By David North on October 3, 2022

I predict that Florida employers will ask for more H-2B (unskilled, non-farm) alien workers because of the extensive damage done by Hurricane Ian. “We need more hands to fix houses, stores, roads, and bridges,” they will say.

Such requests should be denied, but probably won’t be, as the Biden administration goes all squishy with the mid-term elections looming.

Yes, construction firms will be hiring, but there are two hidden sources of workers highly unlikely to be discussed in the press: low-skilled workers who have lost their jobs because of the storm and a huge supply of prime-age, U.S.-born males lacking college degrees who were neither working nor seeking work even before Ian arrived.

Let’s look at these two potential labor forces in turn.

Clearly a lot of people, particularly those without college degrees, have lost their jobs because of the storm, and will be available. Think of an ocean-front restaurant, which usually had 40 people working as cooks, as wait staff, as cashiers. It was demolished by the storm, and it will take months to rebuild, if that happens at all, and in the meantime the staff members are available for other jobs.
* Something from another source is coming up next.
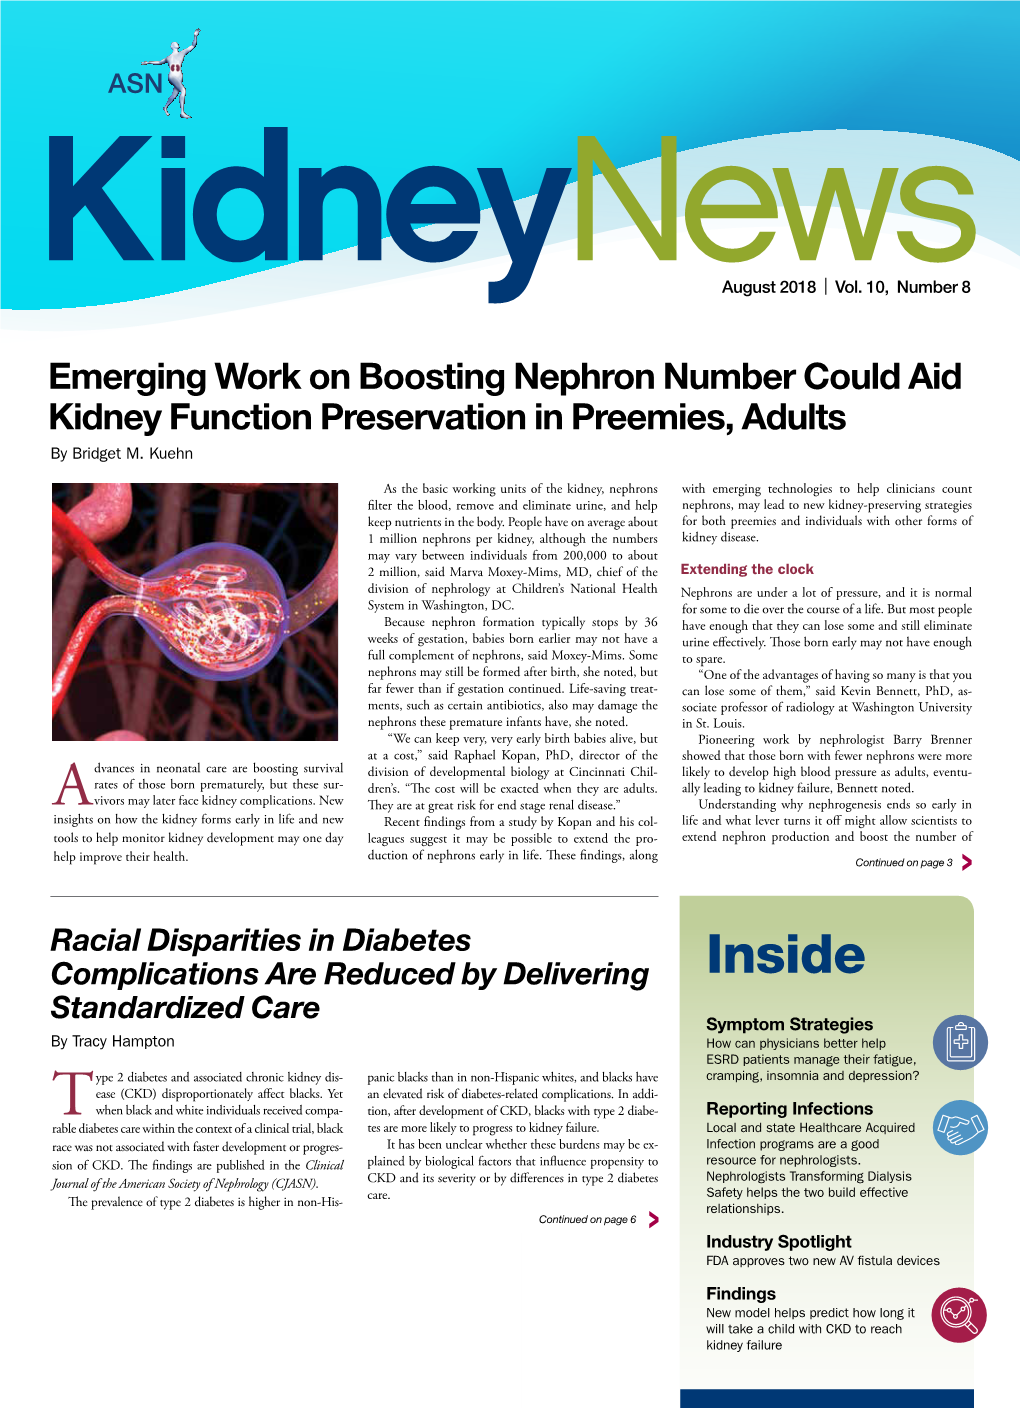 August 2018 Kidney News

Think of the army of orange pickers with fewer oranges to pick. According to Reuters, “Hurricane Ian is likely to have worsened what was already expected to be the smallest U.S. orange crop in 55 years.” The unemployed orange pickers are used to outdoor labor and live in the area hurt by the storm.

A more obscure, but major, source of help to fix the damage consists of, to quote the statisticians, “U.S.-born prime-age (25-54) men without a bachelor’s degree” who are not counted among the unemployed because they are not working and not seeking work, and thus are non-participants in the labor force. The labor force participation rate for this group in Florida has fallen from 94.1 percent in 1979 to 82.7 percent in 2022; the Florida rate is a couple of points below the national rate, according to Table 9 in a report by my colleagues Steven Camarota and Karen Zeigler.
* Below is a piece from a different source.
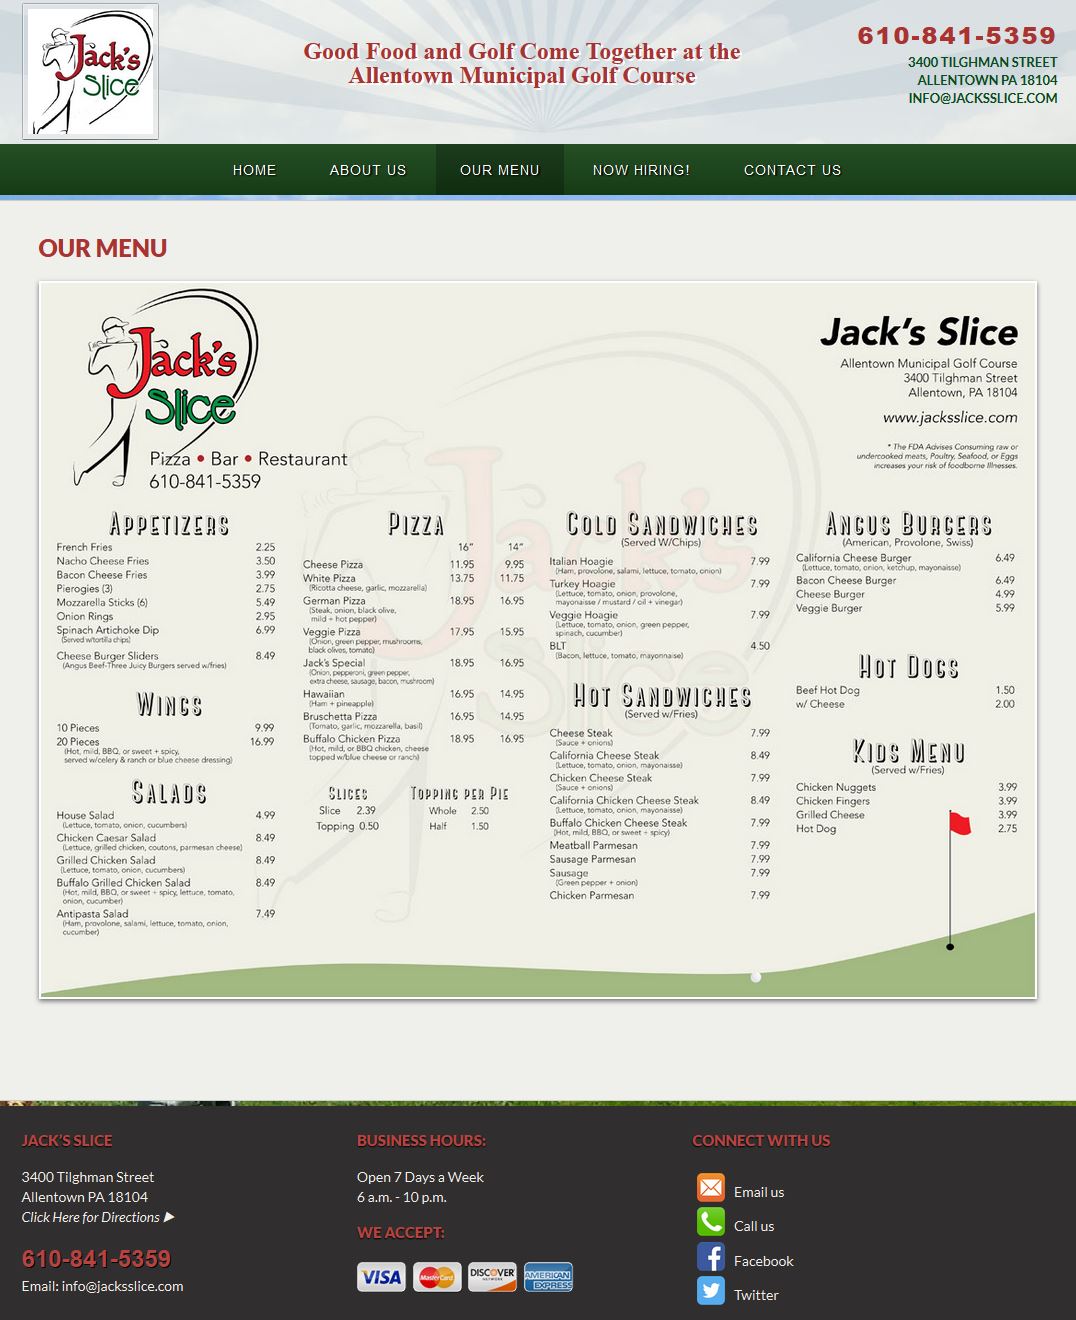 Jack's Slice

And what are the characteristics of most construction workers? Well, yes, they are native-born males without college degrees, between the ages of 25 and 54.

When you add in citizen women of all ages, and men over 55 without degrees, you have quite a labor supply.

But all too many employers want to hire inexpensive, docile alien workers (such as H-2Bs) rather than Americans. And they have political influence.